Alberta Oil Sands Group Makes Royalty Recommendations
A concerned group of in situ oil sands development corporations submitted a letter to the Government of Alberta in a joint response to the Report of the Alberta Royalty Review Panel. The companies assert that the Report fails to account for the many ways in which Alberta's smaller, entrepreneurial firms contribute to our economy by taking on huge risks and driving the technologies that make the Alberta Advantage possible.
The group, called the Alberta In Situ Oil Sands Alliance says that the Panel appears to have overlooked the fact that Alberta's oil sands are costly to develop and produce. The economic terms must be fair and balanced for the province and the industry in order to attract the substantial financial resources needed to fund these world-scale projects. Alberta-based corporations, and the citizens of Alberta, will face significant and adverse consequences if the Panel's recommendations are implemented.
The Alliance's members and many other small Alberta companies play a very important role in driving technology forward and unlocking value for the benefit of Albertans. Their business models depend on finding economic and environmentally friendly solutions for developing Alberta's largest resource. The expertise that crafts these technologies resides in the Albertans that staff these companies.
For Alberta's homegrown expertise to be mobilized, the province must continue to be an attractive jurisdiction for investors.
Multi-billions of new investment dollars will be required in order to cultivate the untapped in situ resources of Alberta. These untapped resources represent approximately 80% of the estimated recoverable barrels of bitumen in the province with associated future royalties representing multi-billions of dollars for Albertans.
The Panel has grossly underestimated the costs associated with oil sands projects. In the Alliance's experience, the costs used in the Panel's calculations are only two-thirds of actual amounts currently being invested on oil sands projects - resulting in egregious errors and incorrect conclusions.

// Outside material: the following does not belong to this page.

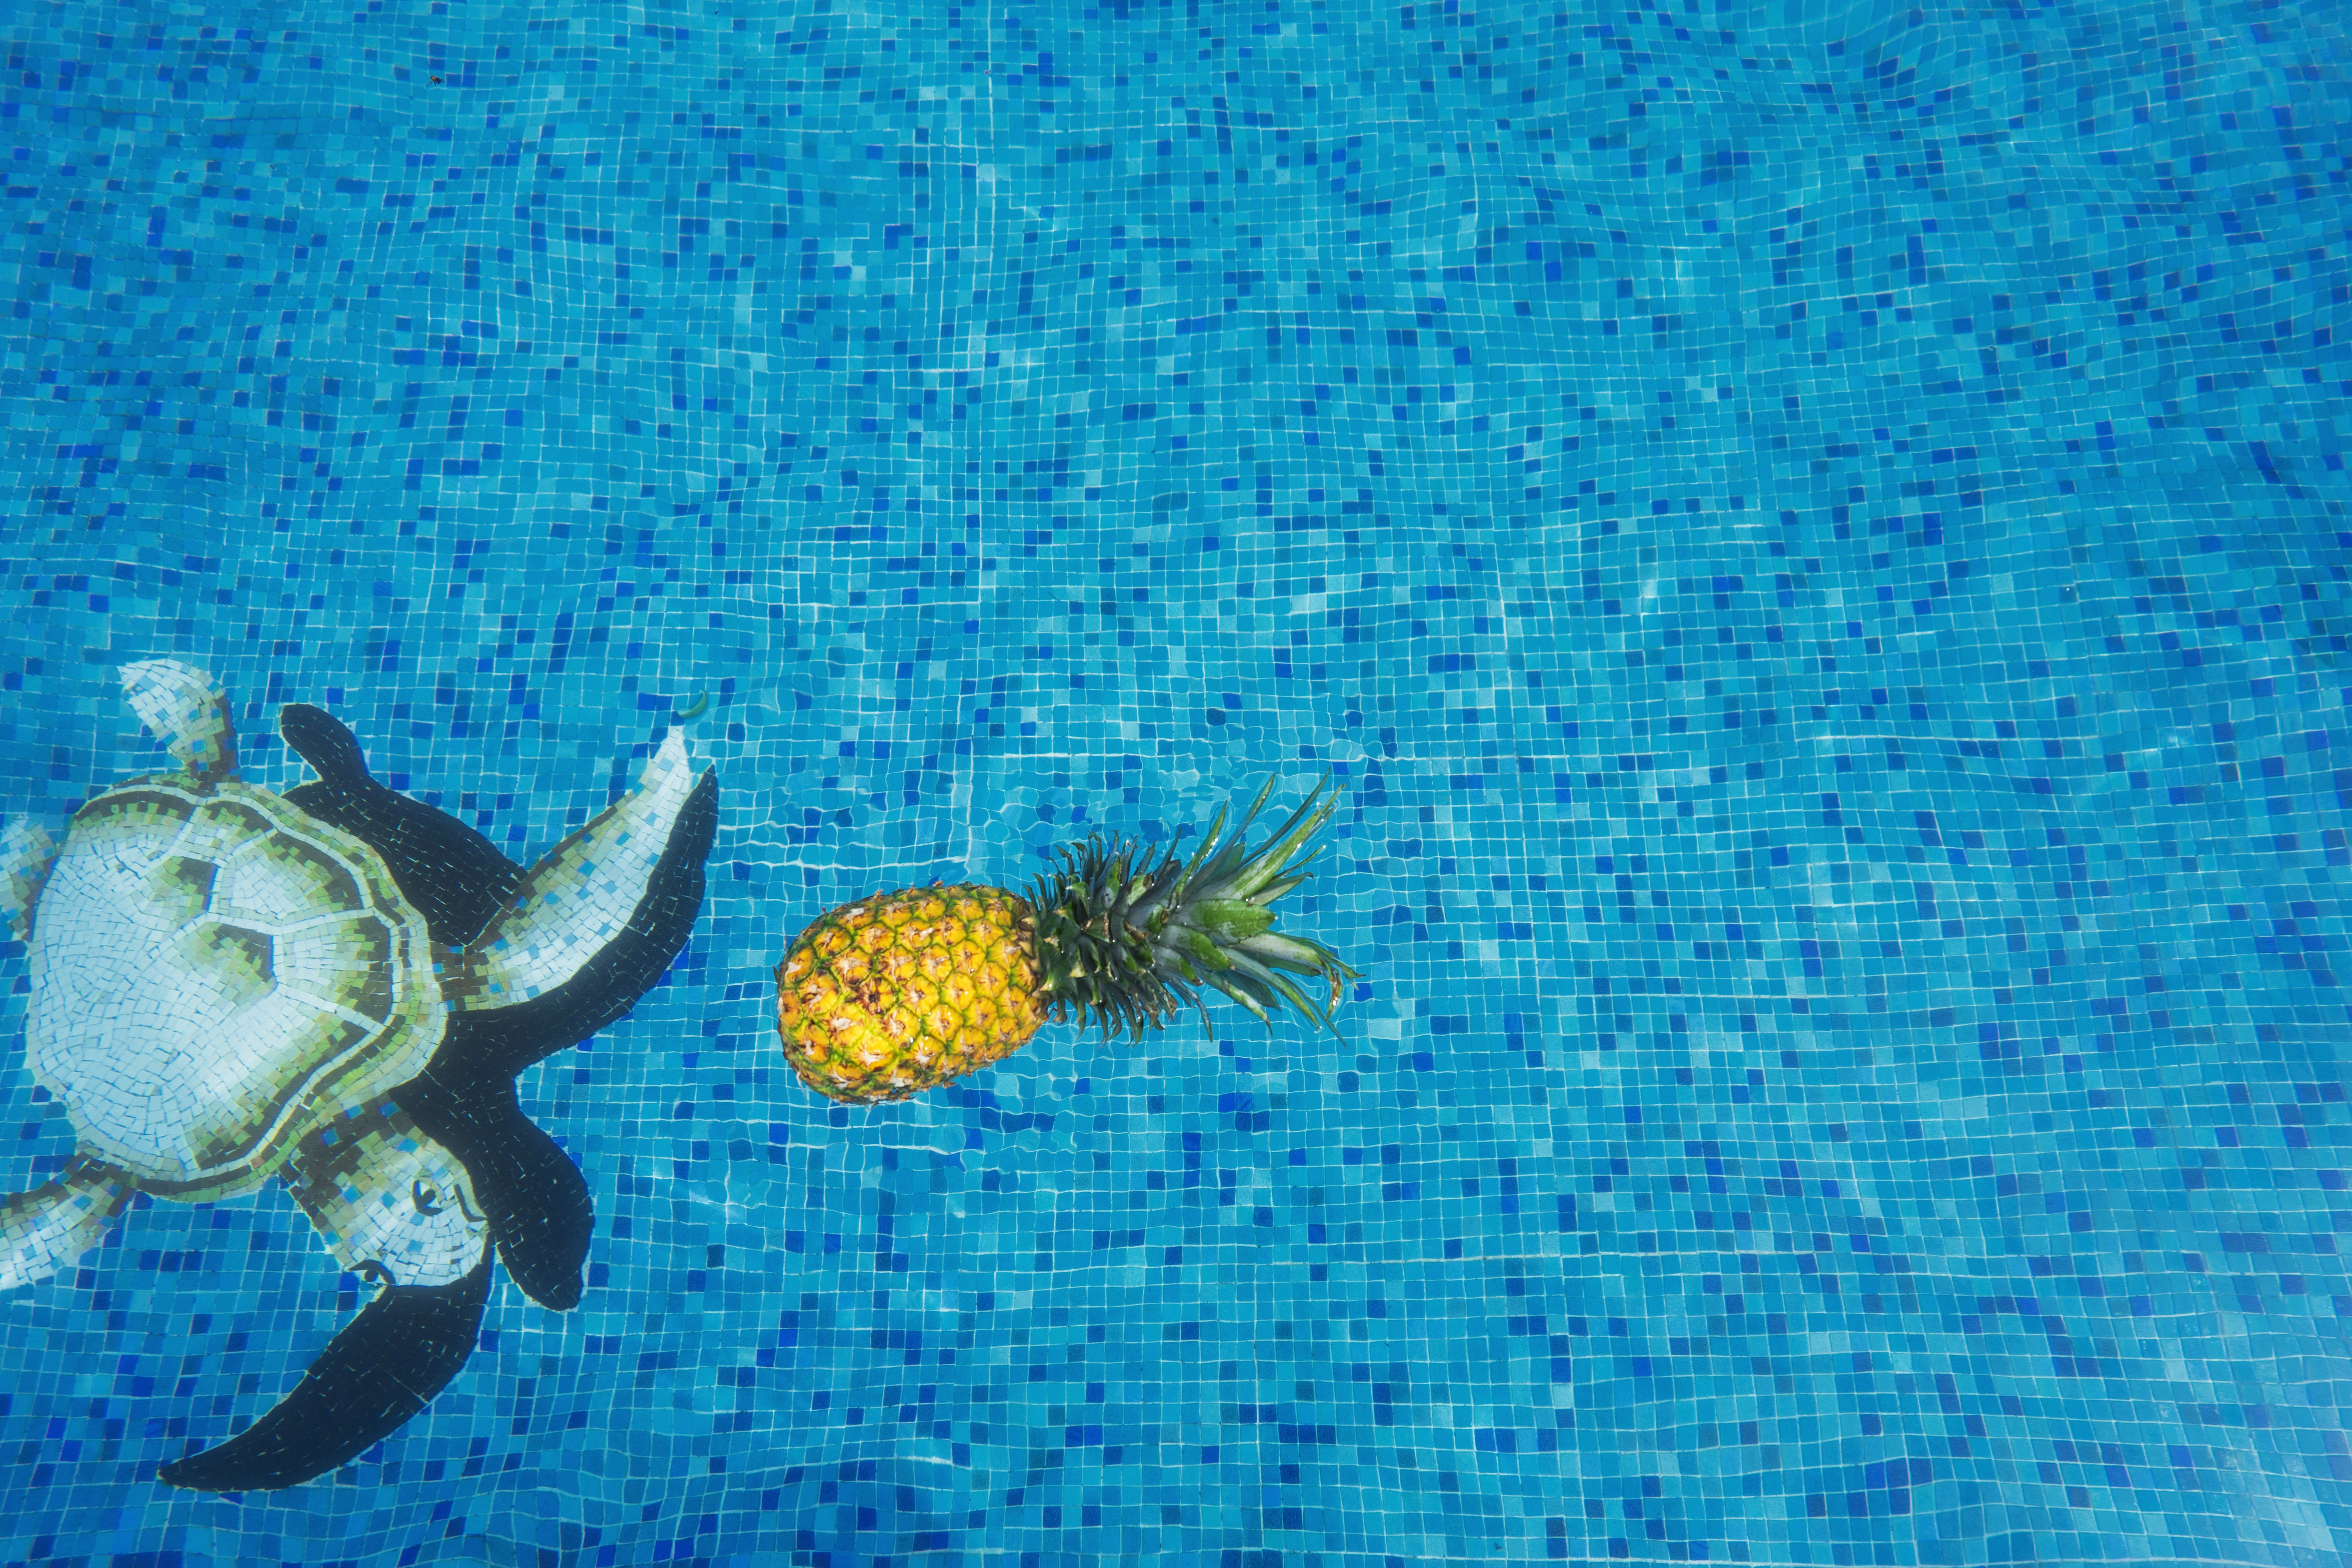 pineapple-supply-co-244472-unsplash.jpg

The province has created advantages for all Albertans through its existing royalty program, which is based on a partnership with industry. The current regime enables reinvestment in technology, improvements in recovery techniques, emissions management and the development of frontier resources that will benefit Albertans now and in the future. The economic environment generated through this process is at risk.
A workable solution for all stakeholders that will deliver Albertans continued long-term prosperity is needed. To that end, the Alliance, which believes such a solution is achievable, has proposed the following five points for the Government of Alberta to consider:
Ability to pay: Retain a net profit structure which allows for risk-taking by companies and a balanced share of benefits for Albertans.
Share in the upside: Adopt a scaled royalty rate structure that increases based on oil and gas prices above the break-even price for new projects.
Current costs: Use credible, up-to-date project costs and projections to prepare a fair and balanced economic analysis.
Rates of return: Need to be acceptable and competitive to allow new projects to attract the necessary capital to develop Alberta's resources for the benefit of Albertans.
The Alliance's overall recommendation is for the province to consider all of the benefits to Albertans from the development of our oil sands resource. An inappropriate adjustment in the royalty regime may have substantial unintended negative consequences for employment, income tax revenue, and Crown bonus revenue for our province.
To date, the Alliance members have paid roughly $300 million in bonus revenue to the province representing recoverable resources of approximately 13 billion barrels. Cumulative estimated capital expenditure thus far by the Alliance totals approximately $2.5 billion in seismic, core hole drilling, plant construction and SAGD drilling activities. The Alliance intends to invest in the range of $7 billion within Alberta over the next five years to advance its projects.
In terms of challenging and rewarding jobs, the development of our resources will generate significant direct and indirect employment throughout Alberta. It is anticipated that the Alliance will create over 20,000 jobs during peak drilling and construction times. These well paying jobs provide significant opportunity for people and organizations across Alberta and throughout Canada, including aboriginal and rural communities.